Problem to work on:
Your task is to restate the listing word for word without the pictures.

Data extract:
_ _ _

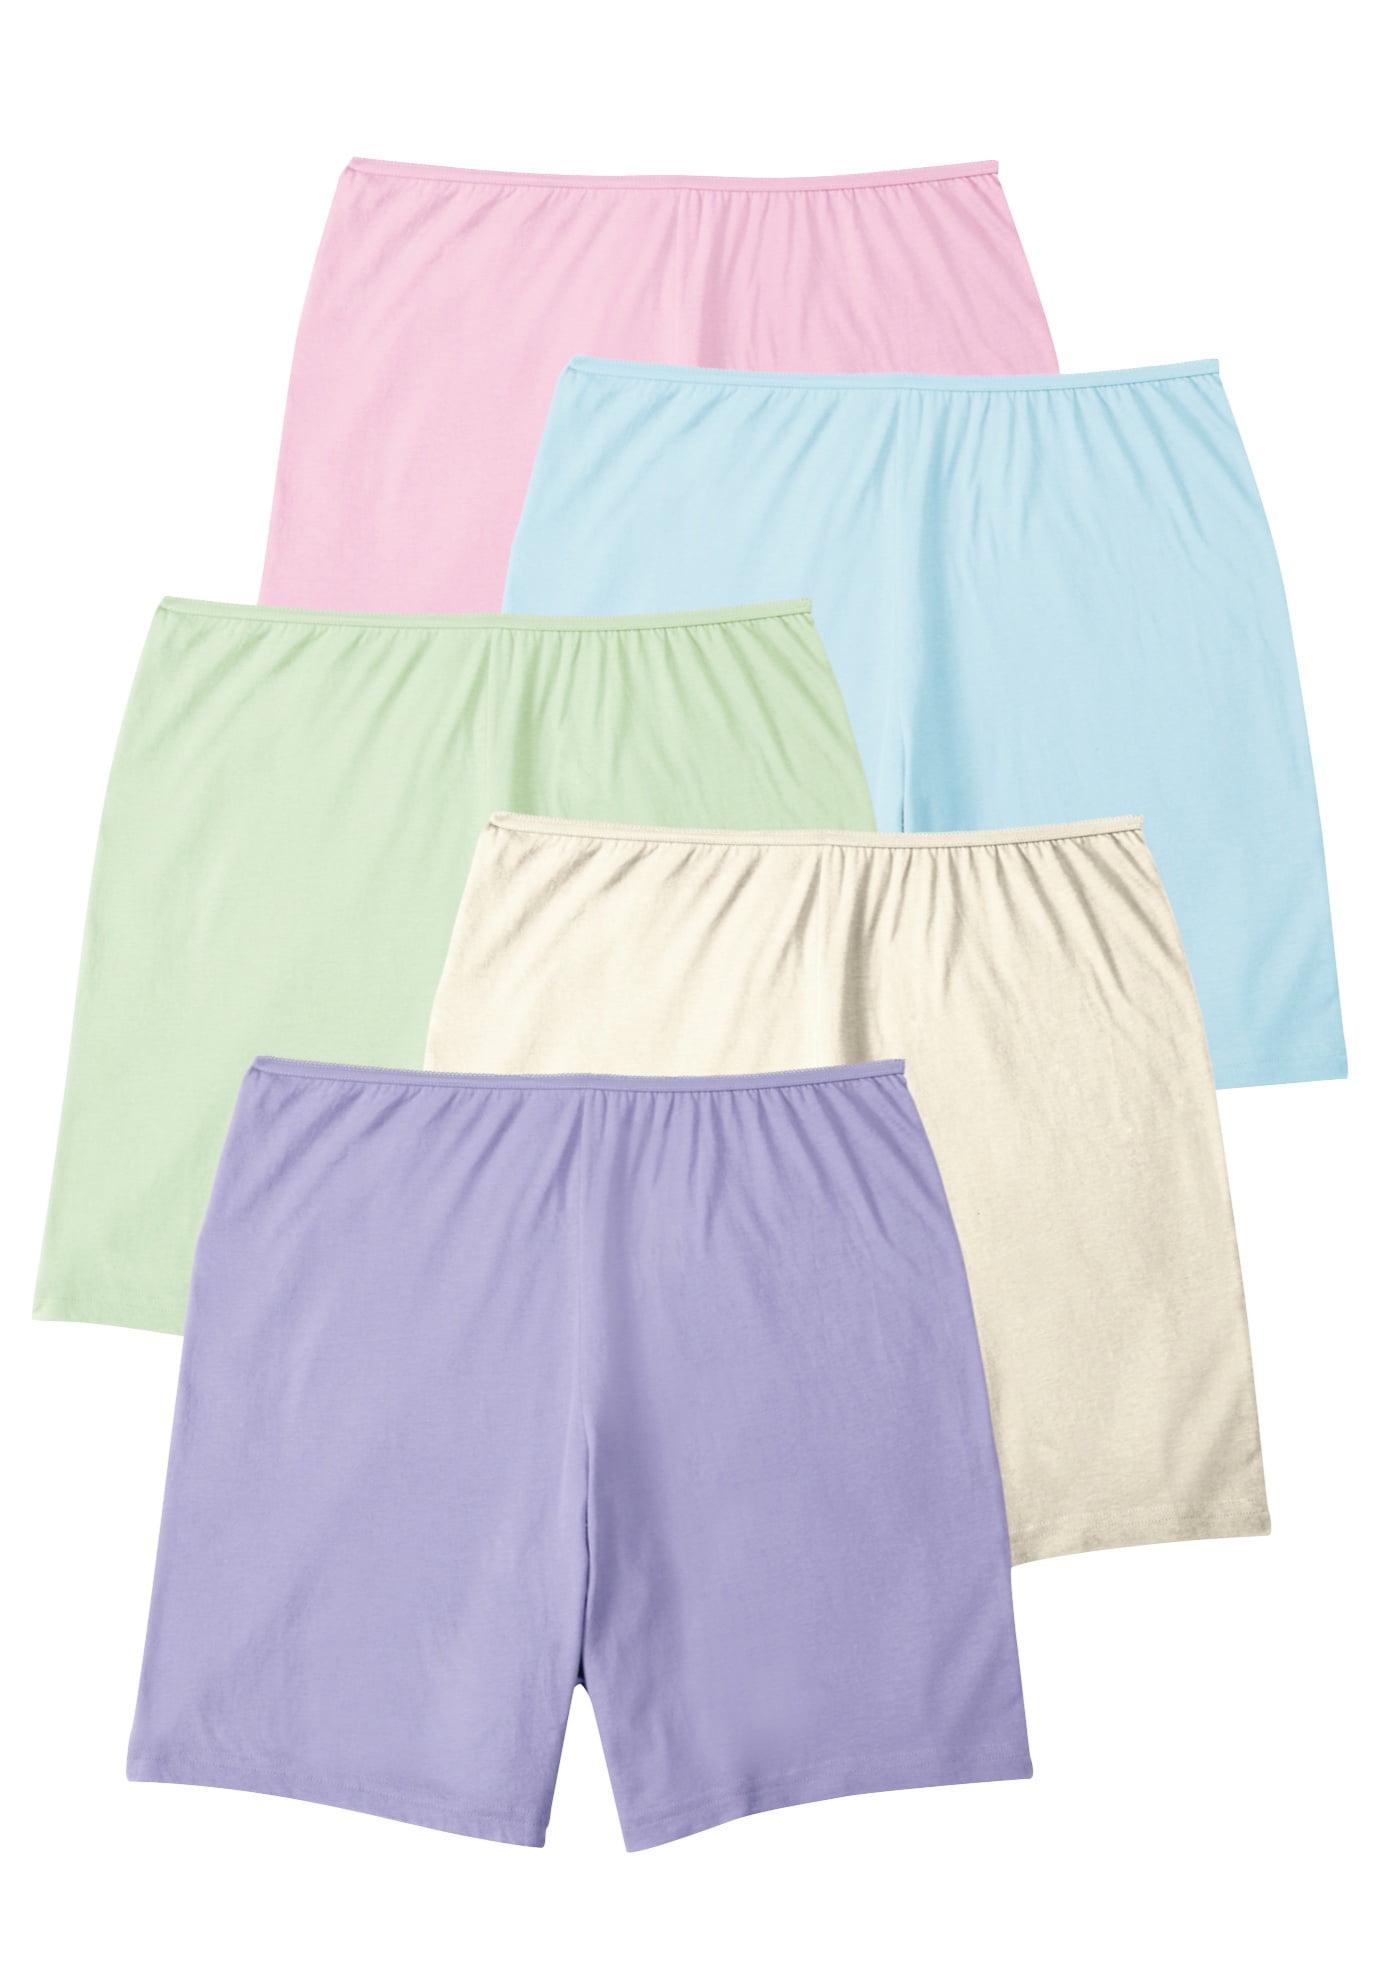 Comfort Choice Women's Plus Size Stretch Cotton Brief 5-pack, 15 - Basic  Pack : Target
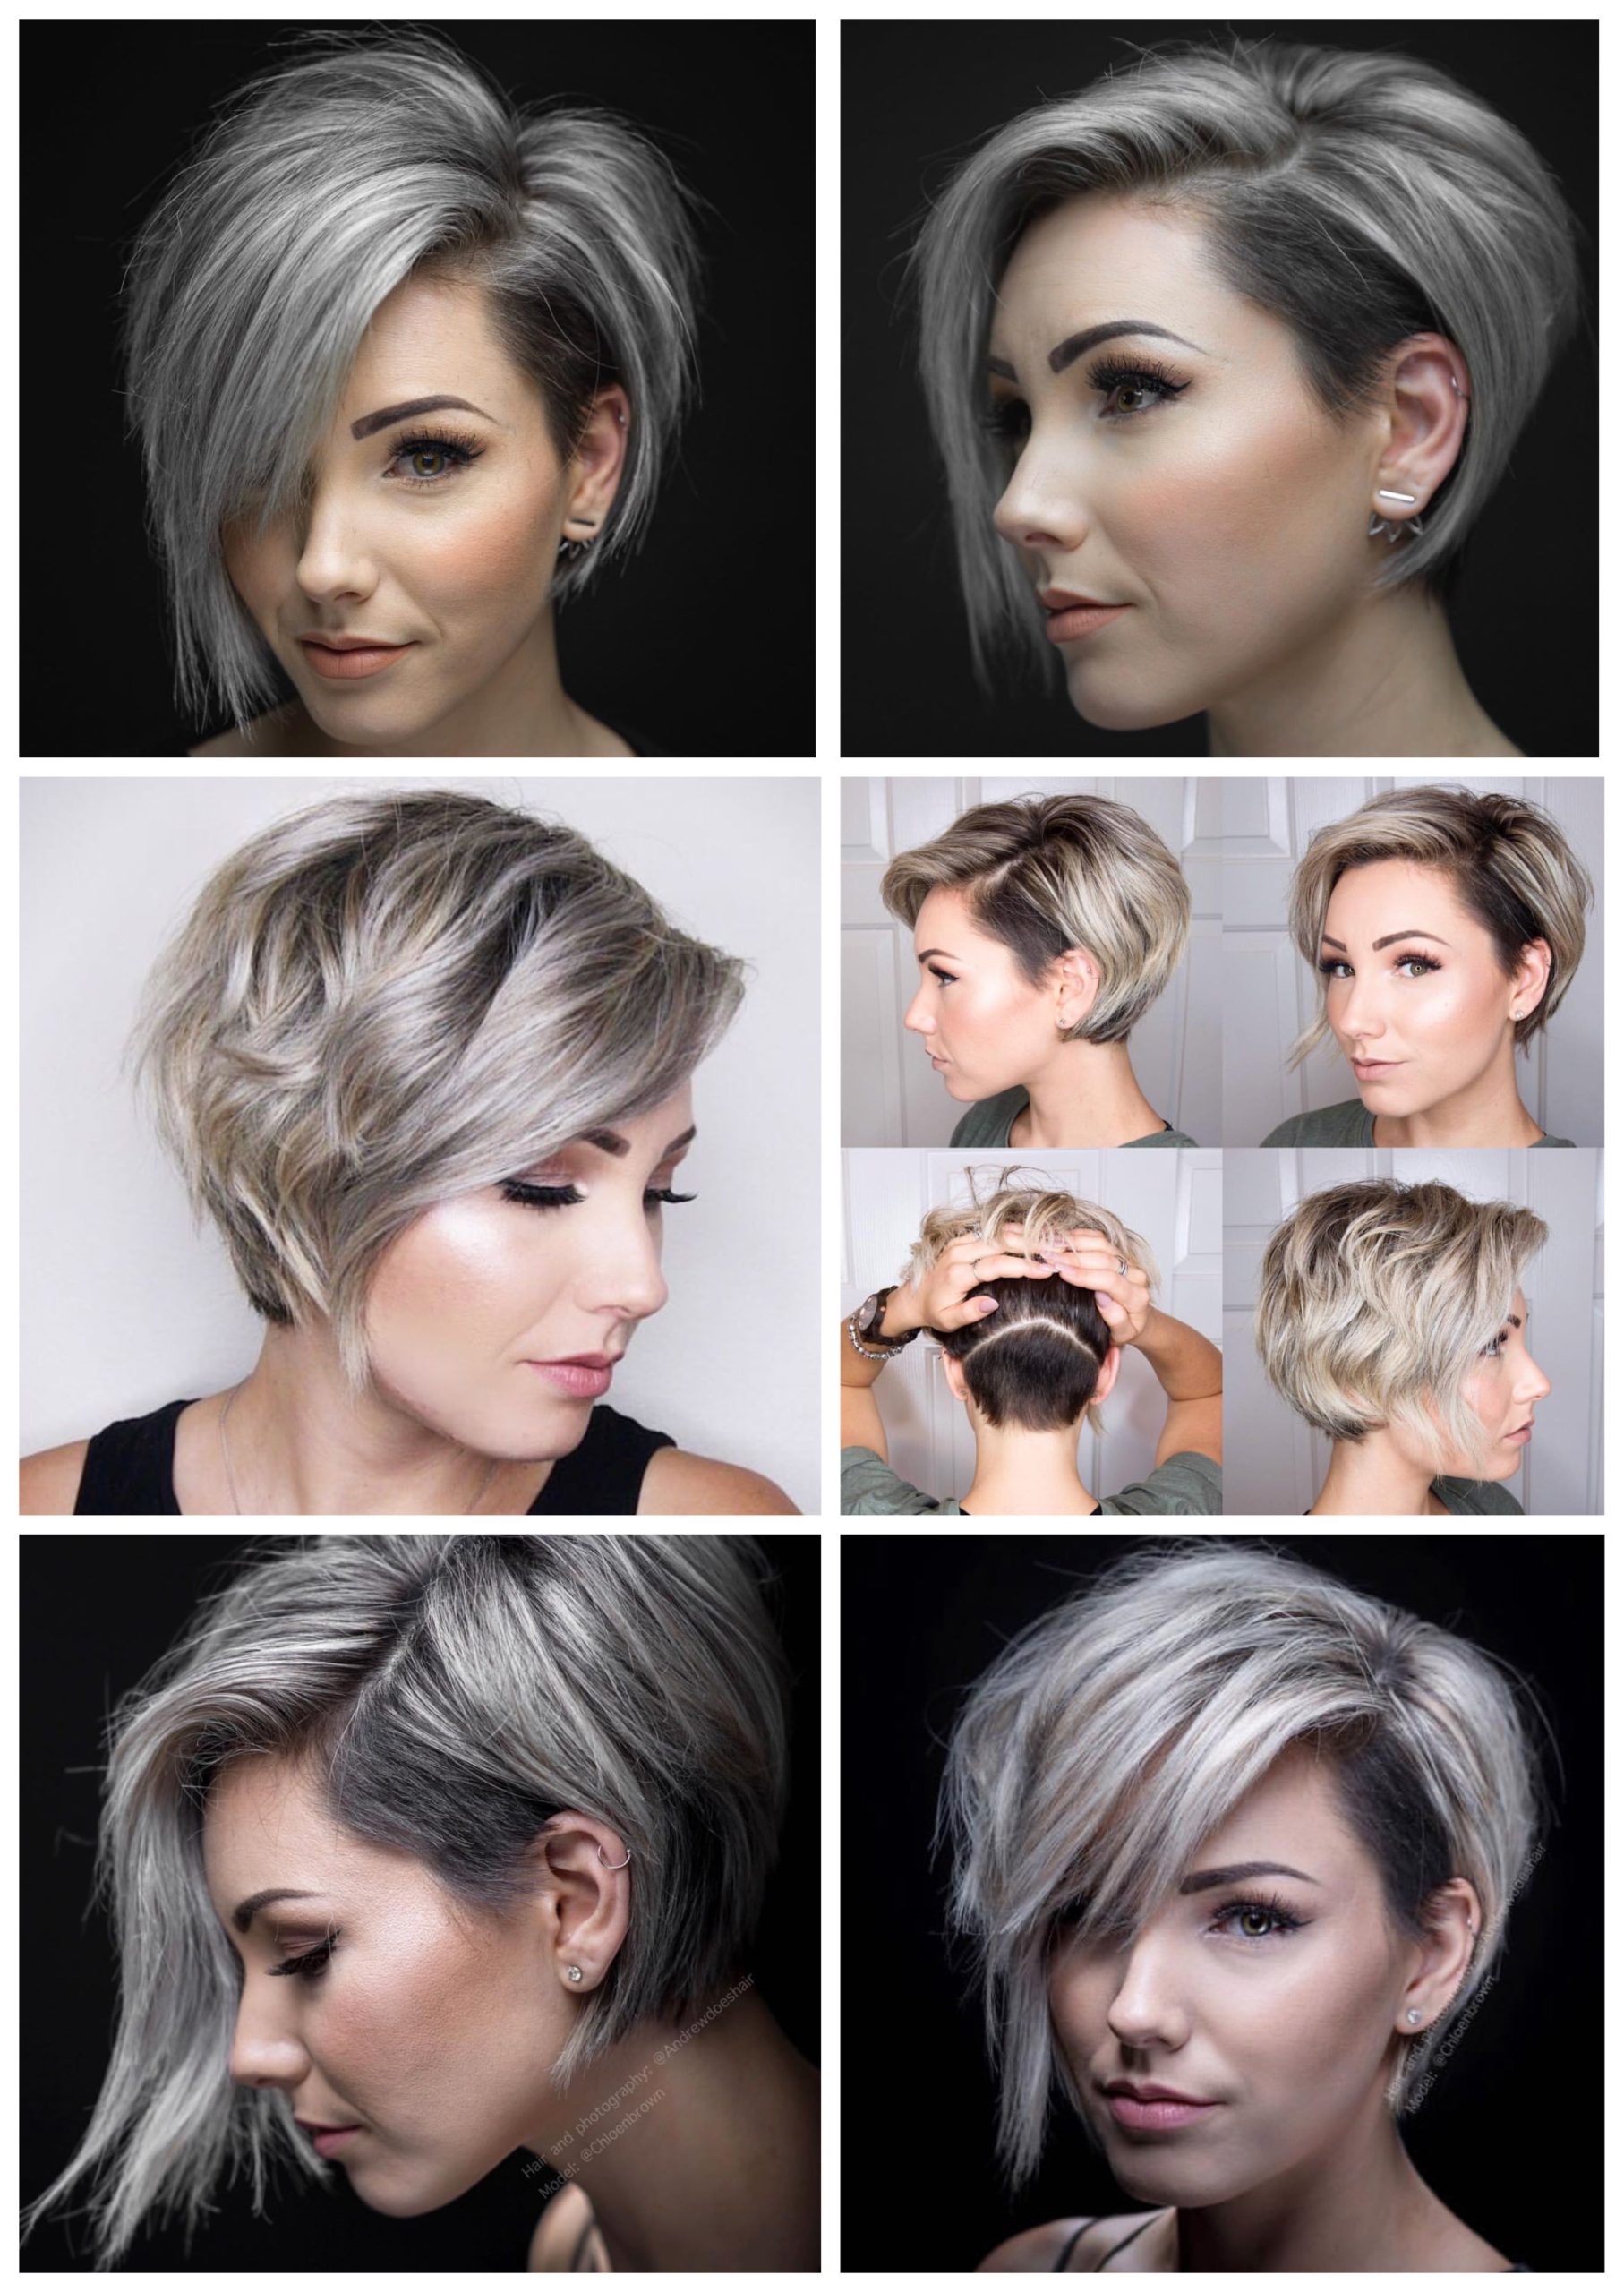 Hairstyle Trends - 26 Eye-Catching Undercut Bob Haircuts To Consider ...
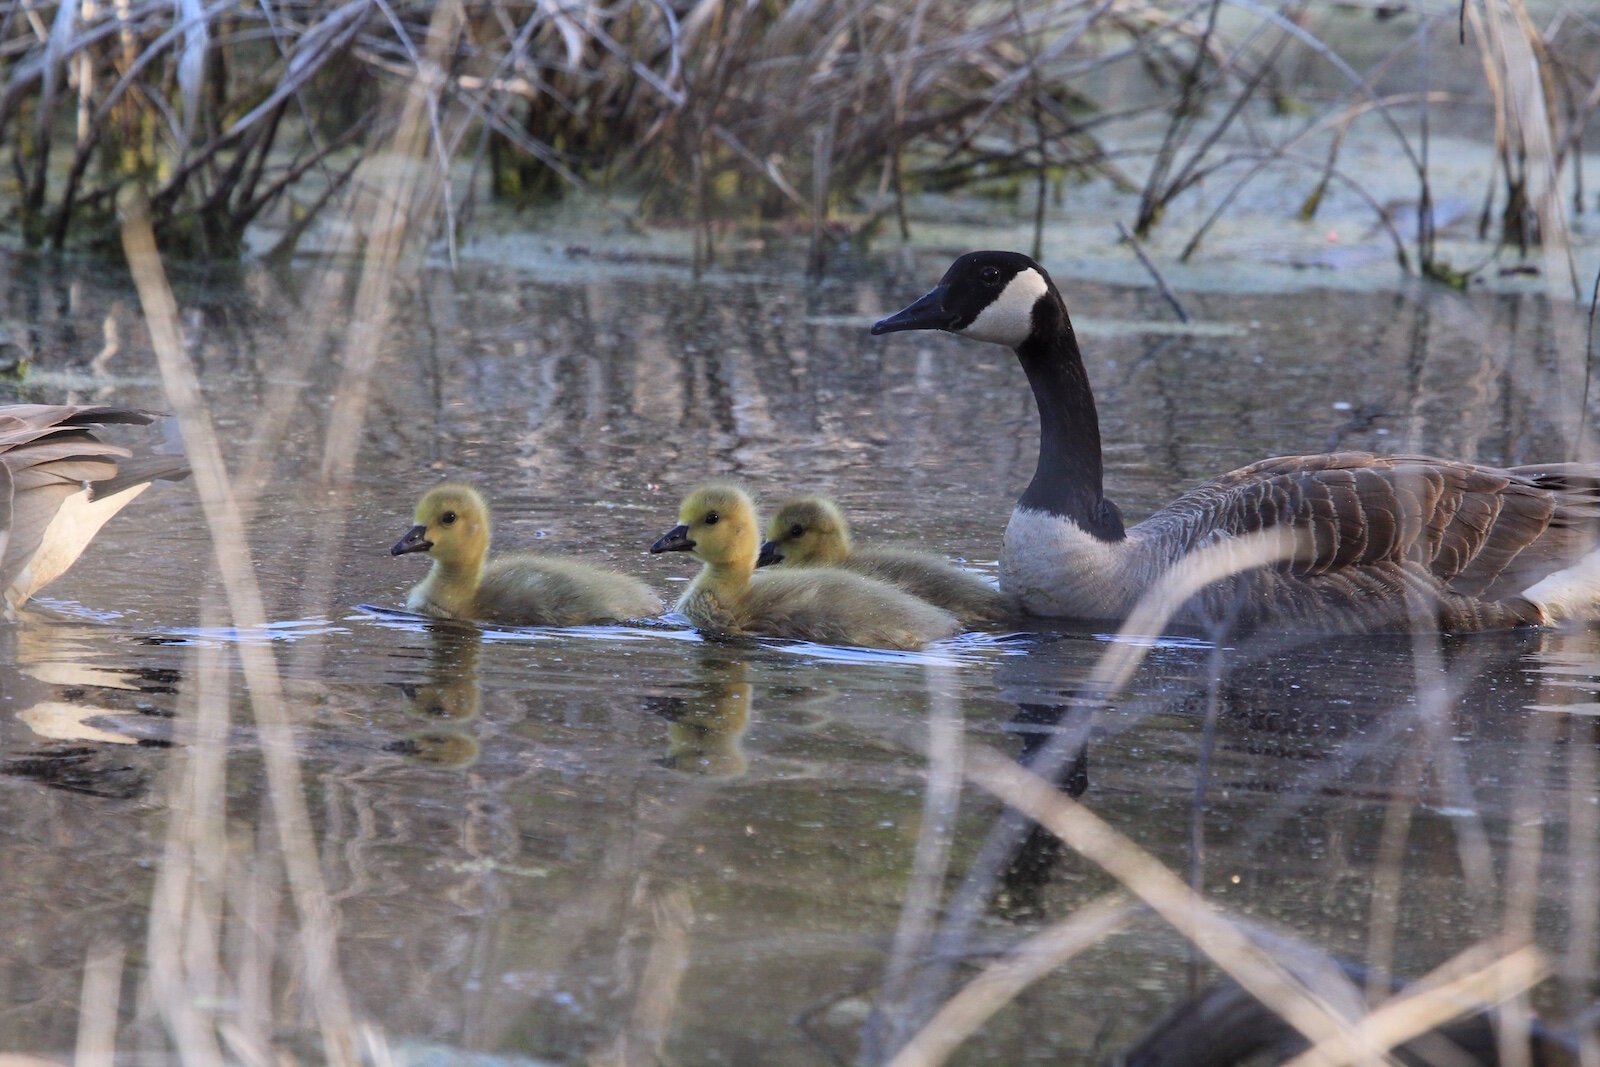 Wildlife in the Kleinstuck Preserve includes this gaggle of Canada geese.

_ _ _

Answer section:
 Comfort Choice Women's Plus Size Stretch Cotton Brief 5-pack, 15 - Basic  Pack : Target
 Hairstyle Trends - 26 Eye-Catching Undercut Bob Haircuts To Consider ...
 Wildlife in the Kleinstuck Preserve includes this gaggle of Canada geese.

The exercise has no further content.